■ INSTRUCTIONS TO FOLLOW ■
Please set down exactly the lines from the one that contains "tinh nang thu vi google" through the end of the material, leaving out every picture.

■ DATA BLOCK ■

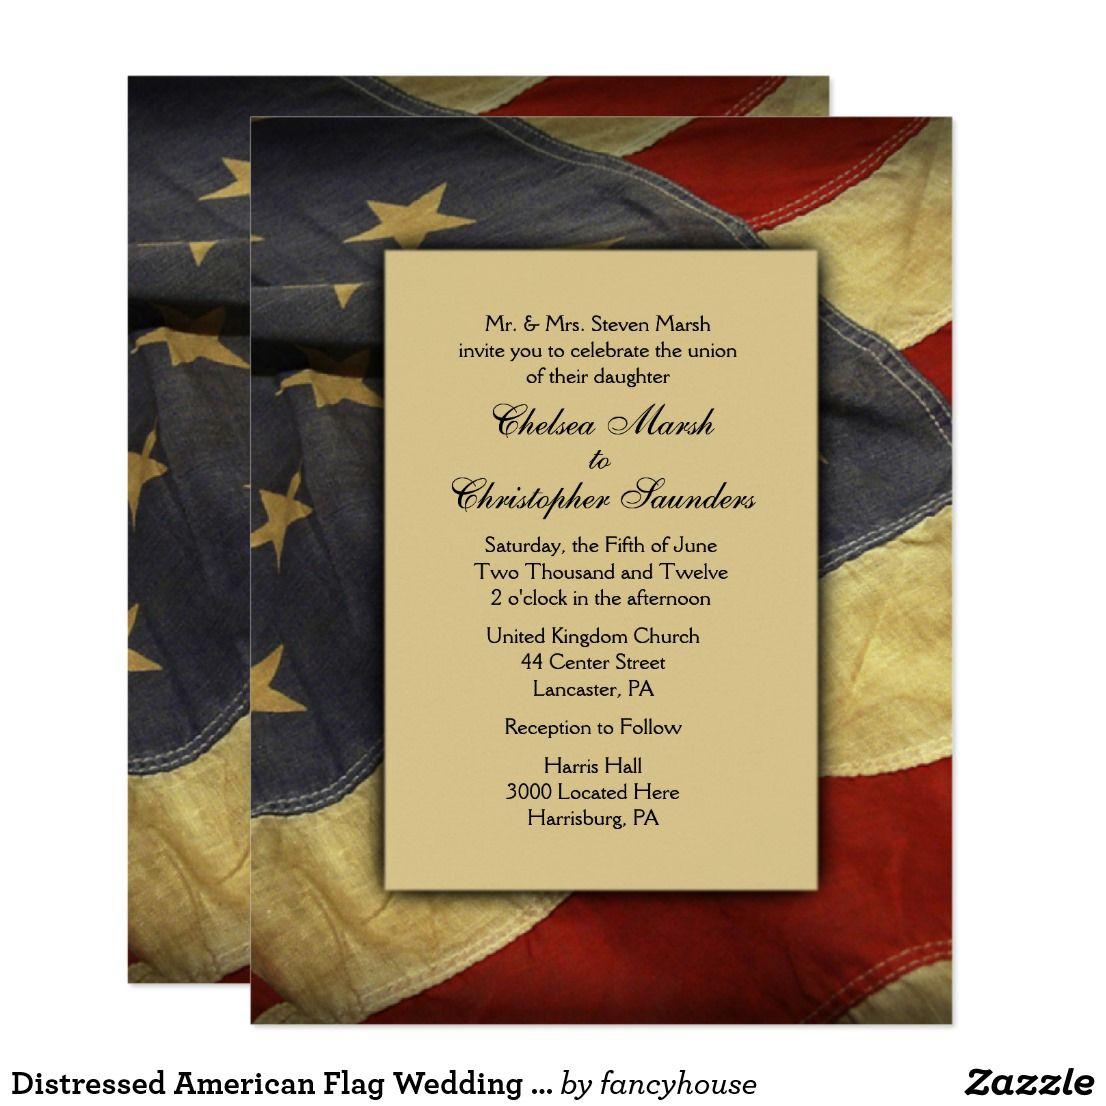 Distressed American Flag Wedding Invitations | ~Zazzle Wedding ...
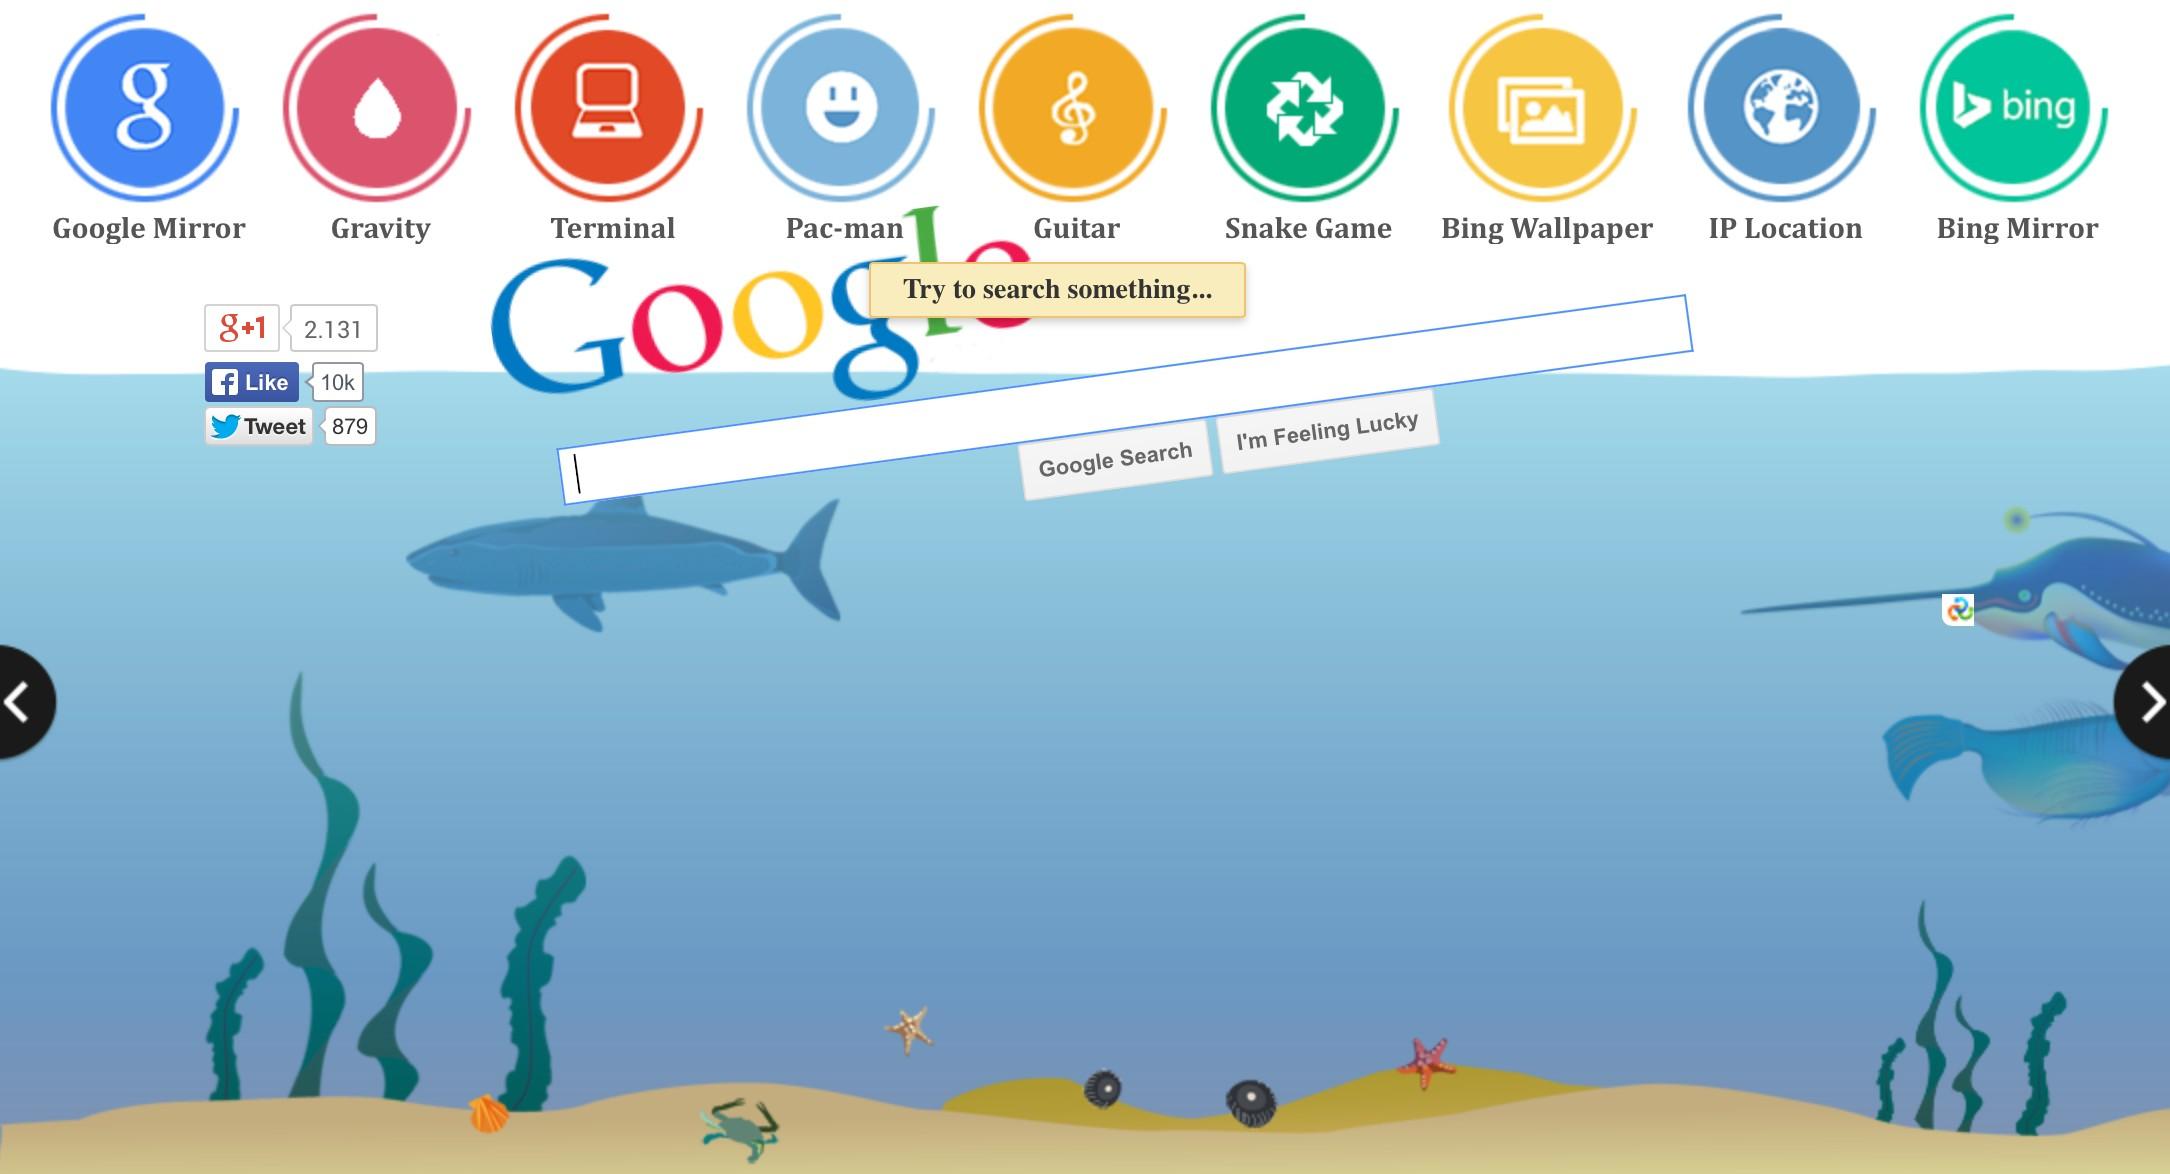 tinh nang thu vi google
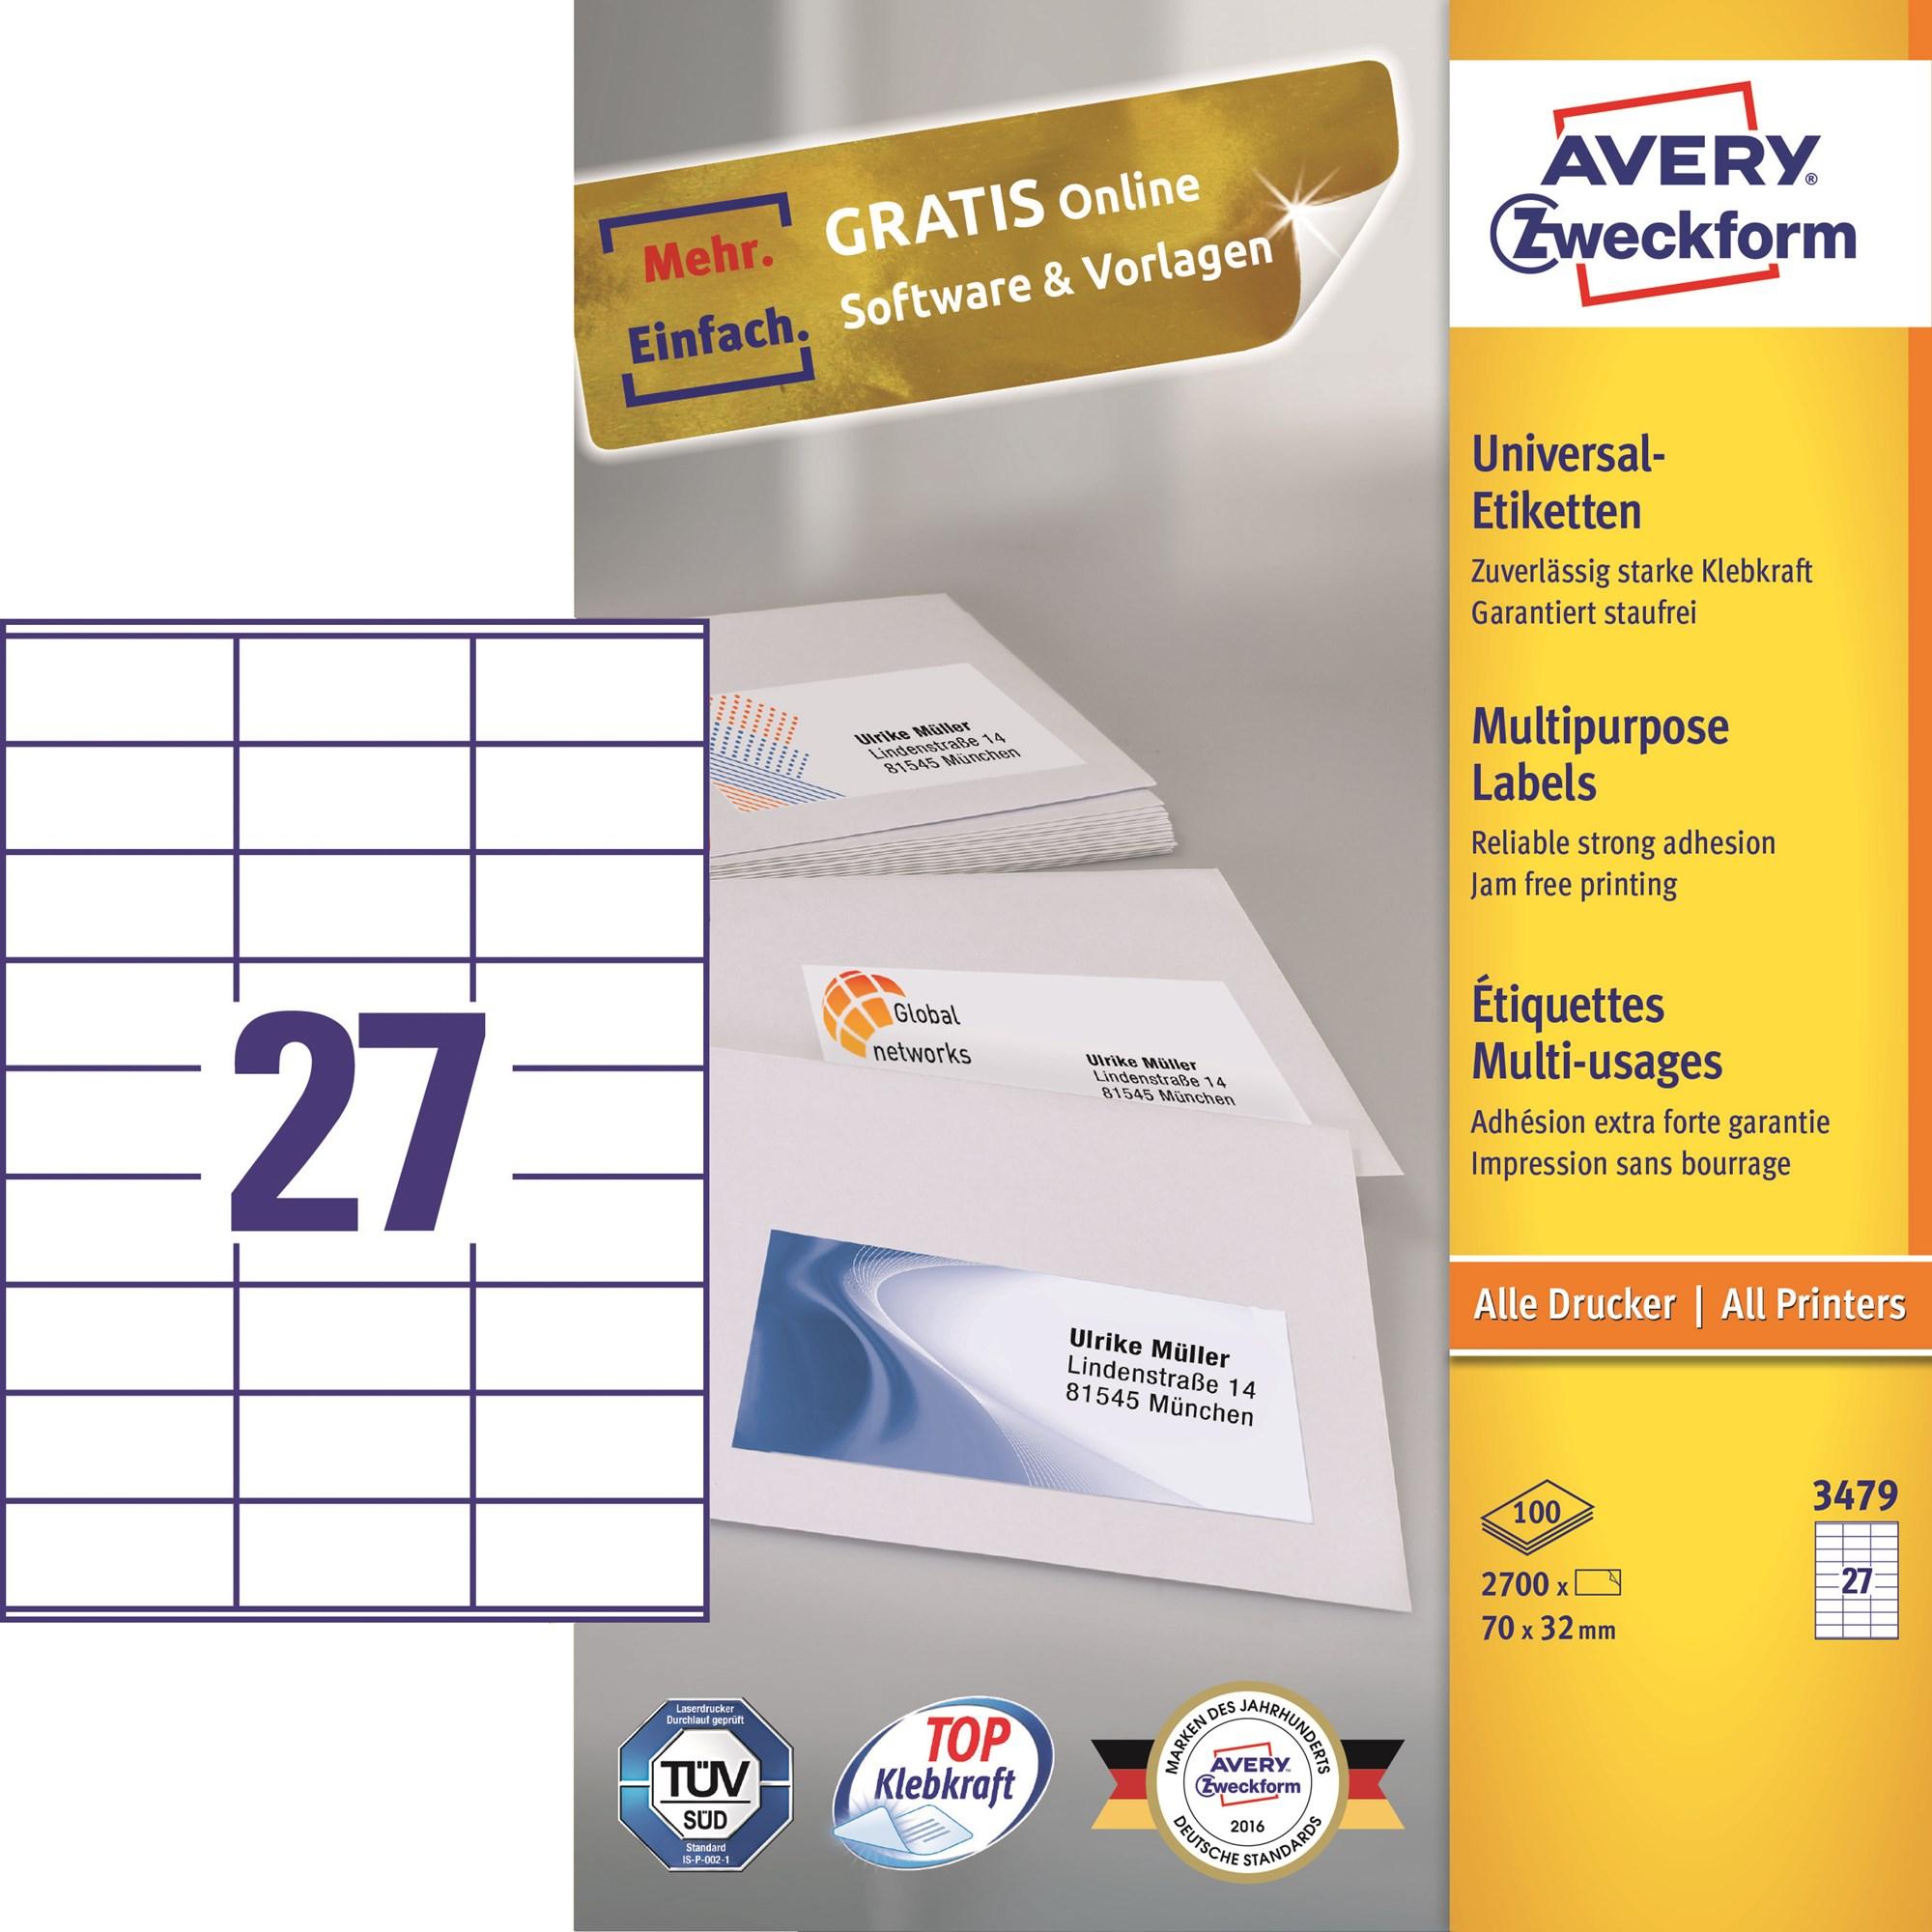 Image of Avery ILC universal etiket 70x32mm (2700)

■ TASK RESULT ■
 tinh nang thu vi google
 Image of Avery ILC universal etiket 70x32mm (2700)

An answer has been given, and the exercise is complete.